Люси качает головой.
— Я больше не могу разговаривать, Дэвид, просто не могу, — отвечает она, тихо, торопливо, словно боясь, что слова иссякнут. — Я знаю, я выражаюсь путано. Если бы только я могла все объяснить. Но я не могу. Не могу из-за того, кто ты и кто я. Прости. Мне жаль, что так получилось с твоей машиной. Жаль, что тебя ожидало разочарование.
Люси опускает голову на руки; плечи ее вздрагивают — она дает волю слезам.
Его вновь омывает волна чувств: апатии, безразличия, но также и легкости, как будто он выеден изнутри и от сердца его осталась только прохудившаяся оболочка. Как, думает он, может человек в таком состоянии найти слова, найти музыку, которая воскресит мертвых?
Женщина в шлепанцах и драной одежде, сидящая на тротуаре ярдах в пяти от них, пронизывает их злобным взглядом. Словно оберегая Люси, он кладет руку ей на плечо. „Моя дочь, — думает он, — любимая дочь. Которую мне выпало направлять и наставлять. Которая в скором времени станет направлять меня“.
Способна ли она учуять его мысли?
Вести машину приходится ему. На полпути к дому Люси, к его удивлению, сама заговаривает с ним.
— Все выглядело таким личным, — говорит она. — Делалось с такой личной ненавистью. Вот что ошеломило меня больше всего. Остального можно было… ожидать. Но почему они меня так ненавидели? Я и не встречала их никогда.
Он ждет продолжения, но продолжения не следует, пока.
— Это история говорила через них, — произносит он наконец. — История зла. Постарайся так думать об этом, если это способно помочь. Их чувства могли показаться личными, но такими не были. Наследие предков, не более того.
— От этого не легче. Потрясение попросту не желает никуда уходить. Я имею в виду — потрясение от того, что тебя ненавидят. В тот самый миг.

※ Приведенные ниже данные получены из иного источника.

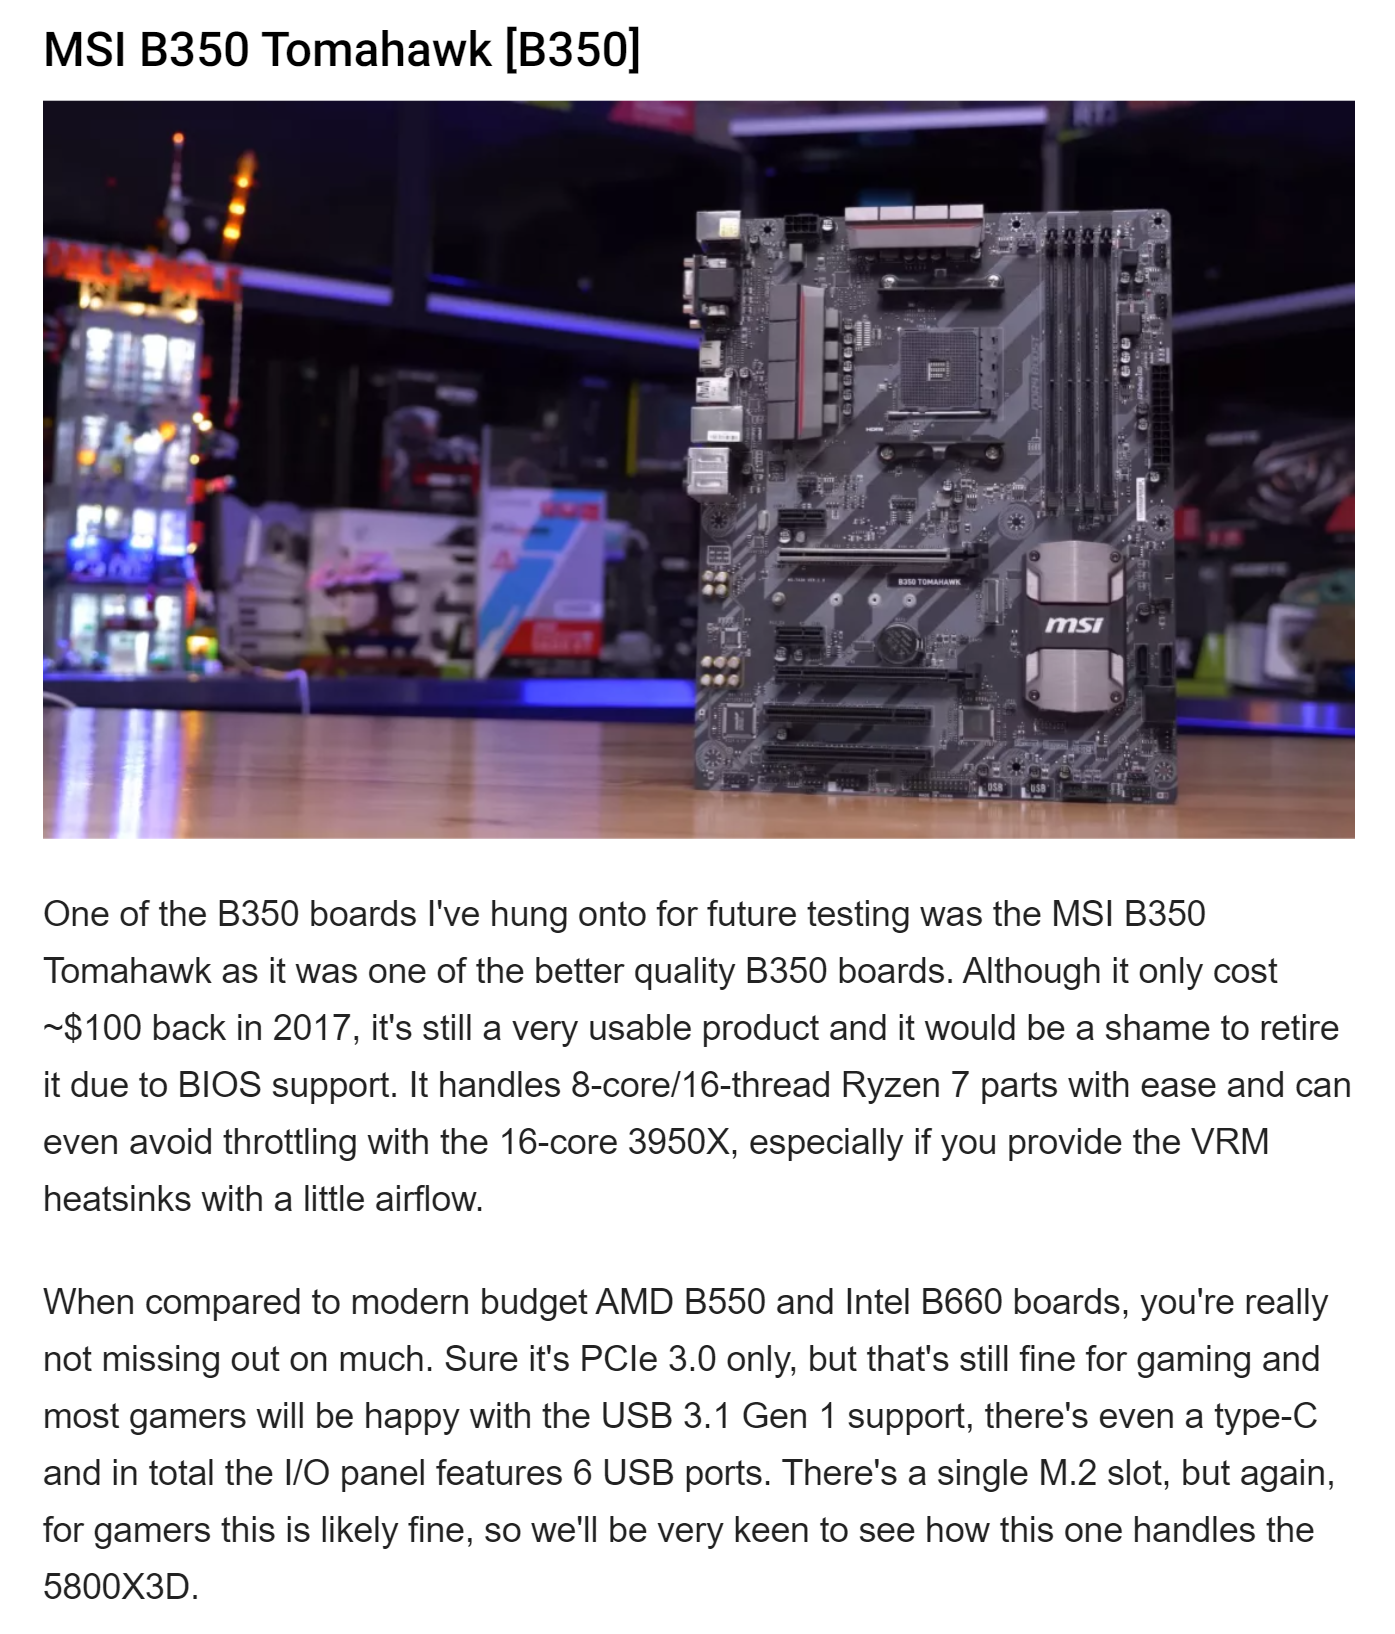 5800x3d on a MSI B350 Tomahawk - PC Hardware and Related Software - ED  Forums

„В тот самый миг“. Говорит ли она о том, о чем он думает, что она говорит?
— Ты все еще боишься? — спрашивает он.
— Да.
— Боишься, что они вернутся?
— Да.
— И думаешь, что, если ты не выдвинешь против них обвинение, они не вернутся? Ты в этом себя уверила?
— Нет.
— Тогда что?
Она молчит.
— Люси, все так просто. Закрой псарню. Немедля. Запри дом, заплати за его охрану Петрасу. Передохни полгода, год, пока дела в стране не пойдут на лад. Поезжай за море. В Голландию. Я дам денег. А когда вернешься, ты сможешь трезво оценить свое положение и все начать сначала.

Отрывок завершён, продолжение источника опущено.